I look forward to blogging more about this topic as news about it emerges…
While it does not come up often in today’s data management conversations, the IMS database software is at the heart of many major corporations around the world. For many people, it is the undisputed leader for mission-critical, enterprise transaction and data-serving workloads. IMS users routinely handle peaks of 100 million transactions in a day, and there are quite a few users who report more than 3,000 days without unplanned outages. That’s more than 8 years without an unplanned outage!
IBM recently announced IMS 12, claiming peak performance at a remarkable 66,000 transactions per second. The new release features improved performance and CPU efficiency for most IMS use cases, and a significant improvement in performance for certain use cases. For instance, the Fast Path Secondary Index means that workloads that use this secondary index are 60% faster.
It is interesting to compare the performance of IMS with the headline-grabbing “big data” solutions that are all the rage today. For instance, at the end of August this year, we read how Beyonce Pregnancy News Births New Twitter Record Of 8,868 Tweets Per Second. I am not saying that IMS can replace the infrastructure of Twitter. Far from it. However, I am saying that, when you consider that IMS can handle 66,000 transactions per second, the relative performance levels of the “new big data” solutions when compared with IMS are food for thought. Especially when you consider the very significant infrastructure in place at Twitter, and the staff needed to manage that infrastructure. And don’t forget that IMS supports these performance levels with full read-write capability, full data integrity, and mainframe-level security.

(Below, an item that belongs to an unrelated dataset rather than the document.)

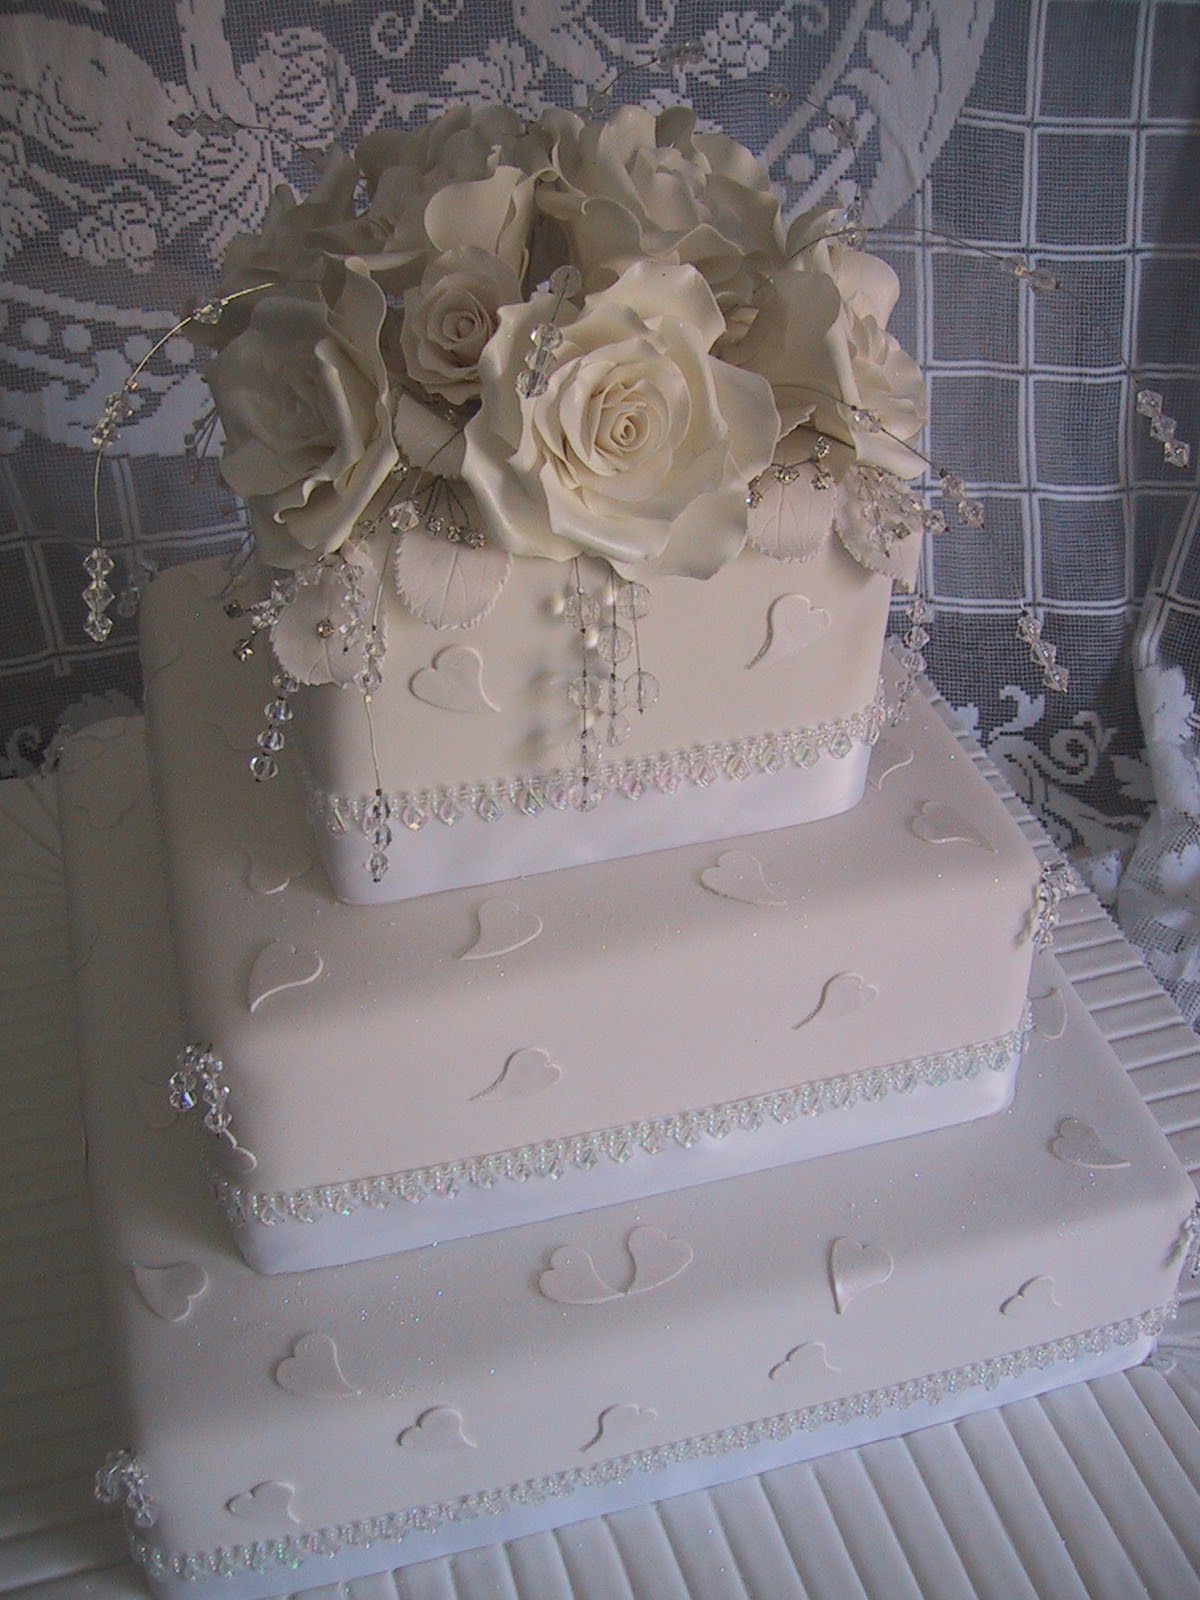 My beautiful wedding cake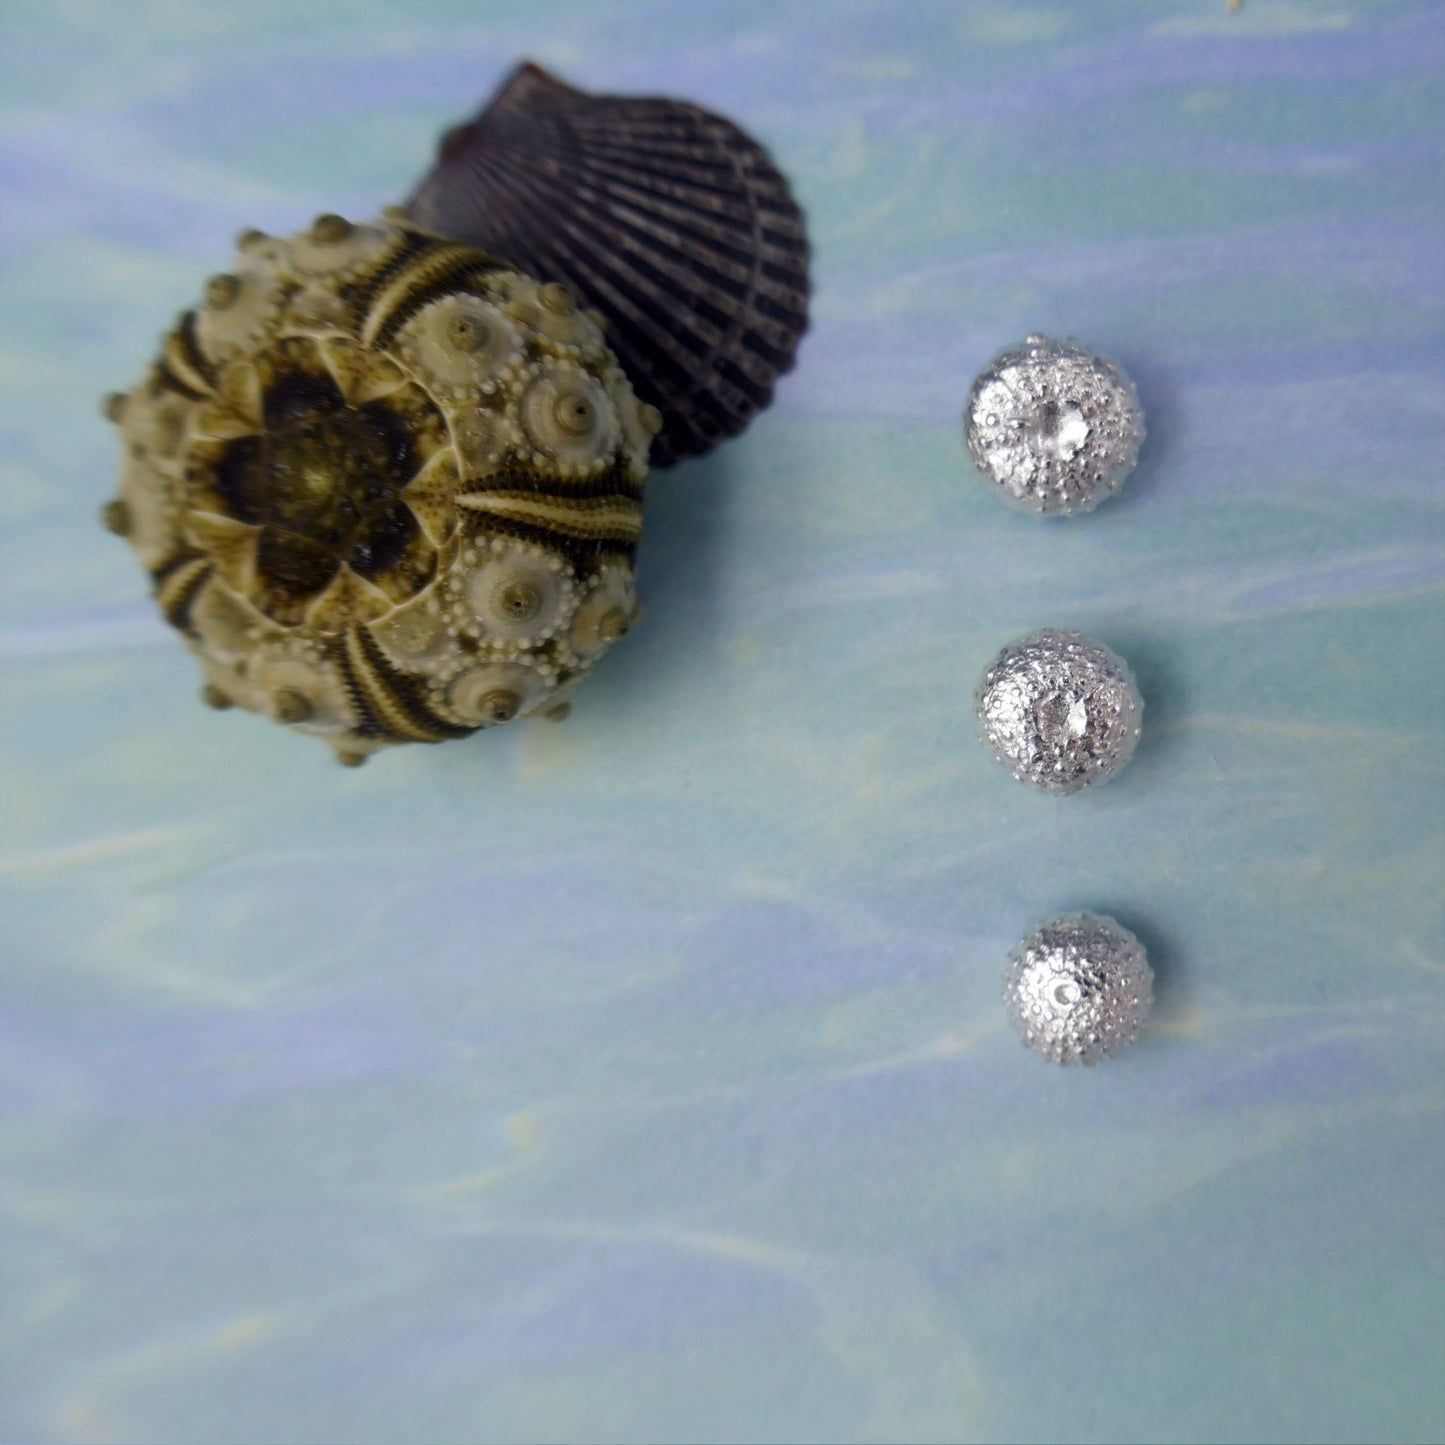 Sea Urchin Mini's in 2 sizes

I appreciate that many of today’s Web-scale businesses begin with capital investments that preclude the hardware and software investments required for something like IMS. These new businesses need to be relatively agile, and depend upon the low barrier of entry that x86-based systems and open source/inexpensive software afford. However, I still think it interesting to put this “new big data” in perspective.